Жесткий штырь антенны радиостанции, которую я затолкал в карман брюк, уперся мне в живот. Я принялся вытаскивать аппарат и случайно нажал на одну из клавиш. Рация зашуршала в моей руке и сказала:
– Слушаю тебя, Бэшан!
Кажется, вышел на связь один из охранников. Я не удержался от телефонного хулиганства – любимого занятия детства. Нажал на тангенту и прохрипел:
– Какого черта ты меня слушаешь, козел безрогий?! Неизвестно, кого там пасешь в своих кустах! Я на втором этаже, в генераторной, захлопнулся и не могу выйти! По коридору чужие «быки» шастают! Бегом сюда!
– Не понял! – отозвалась рация. – Повтори, где ты?
– В заднице! – уточнил я и сунул рацию в нагрудный карман.
Свет фар уперся в серый металл ворот. Отбрасывая жуткую тень, перед машиной выросли двое охранников. Оба – при оружии, в бронежилетах. Ослепленные, они не могли видеть, как я аккуратно выпихиваю Волзова наружу, а сам переползаю на его место.
– Скажи им, что Князь велел тебе срочно поехать в аэропорт, – шепнул я.
Волзов вылезал из кабины, словно безногий. Один из охранников, прикрывая глаза ладонью, крикнул, чтобы Волзов вырубил фары. Тот, уже опустив одну ногу на асфальт, в нерешительности остановился и, не зная, что делать, посмотрел на меня. Я уже почти занял его место и снова подтолкнул в плечо, чтобы он не топтался здесь, а быстрее отошел от машины. Как назло, ремень автомата запутался на рычаге скоростей, и мне пришлось на ощупь распутывать его, не сводя глаз с охранников. Мотор тихо булькал на холостых оборотах. Я торопился, и у меня ничего не получалось – автомат оказался накрепко привязанным к рычагу. Я взялся за круглую пластмассовую рукоятку рычага, и она заскользила под моей ладонью. Это провал, подумал я словами Штирлица и поставил вторую скорость. Один охранник с автоматом на плече, расставив ноги, стоял лицом к машине. Его тень, падающая на ворота, напоминала мишень на стрелковом поле. Второй вразвалку, словно делая одолжение, шел к Волзову, лениво обкладывая его матом. Водитель, ожидая физической расправы, топтался на месте и не знал, куда деть руки – то ли прикрывать ими живот, то ли лицо.

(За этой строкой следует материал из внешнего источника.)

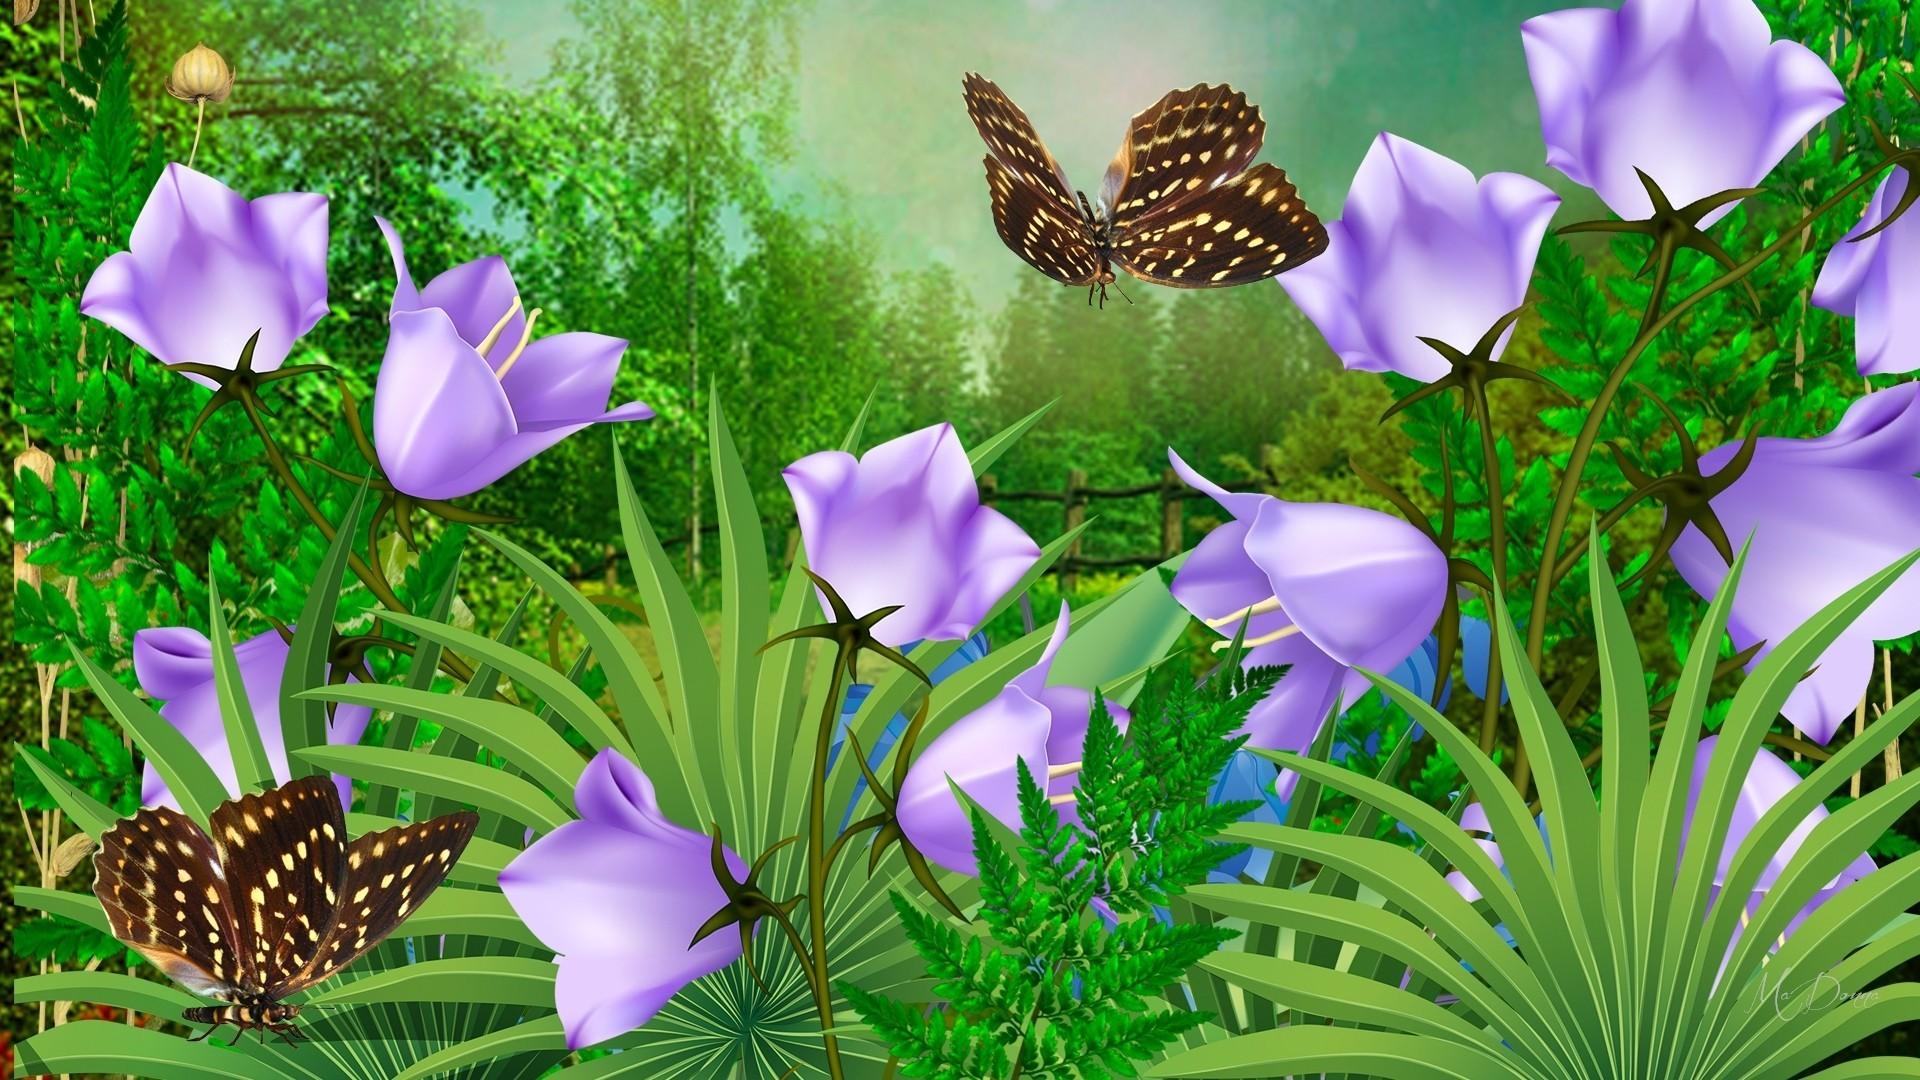 Картинки с анимацией с бабочками, открытки

Затрещала в моем кармане радиостанция, кто-то хрипло позвал: «Бэшан! Ты меня слышишь? Прием, Бэшан!» Охранник, подваливающий к Волзову, повернул голову и посмотрел на кабину. Он услышал голос. Волзов стоял в луже. Трудно было сказать, от дождя она образовалась или от чего-либо другого.
– Чи-иво-о? – протянул охранник, снова поворачивая лицо к Волзову. – Какой, к херам, аэропорт?
Волзов что-то пролепетал. Охранник наконец приблизился к нему и приставил ствол автомата к водительскому впалому животу.
– Никакой команды от Князя не было. Сейчас я проверю. Если врешь (глагол был другой), то снова сделаю так, что будешь писать кровью.
Он оттолкнул со своего пути джинсовый костюм вместе с Волзовым внутри его и той же небрежной походкой, выбрасывая вялые ноги вперед себя, подошел к машине. Я уже не дергался. Радиостанция шипела на груди, как клубок встревоженных змей. Моя правая нога лежала на акселераторе, левая – на сцеплении. Я смотрел вперед и, как нетерпеливый водитель перед светофором, тарабанил пальцами по баранке.
В окошко просунулась лысая башка охранника. Он, естественно, не ожидал увидеть за рулем незнакомого человека и издал возглас удивления:
– Мать моя женщина!! А это еще что за мудило?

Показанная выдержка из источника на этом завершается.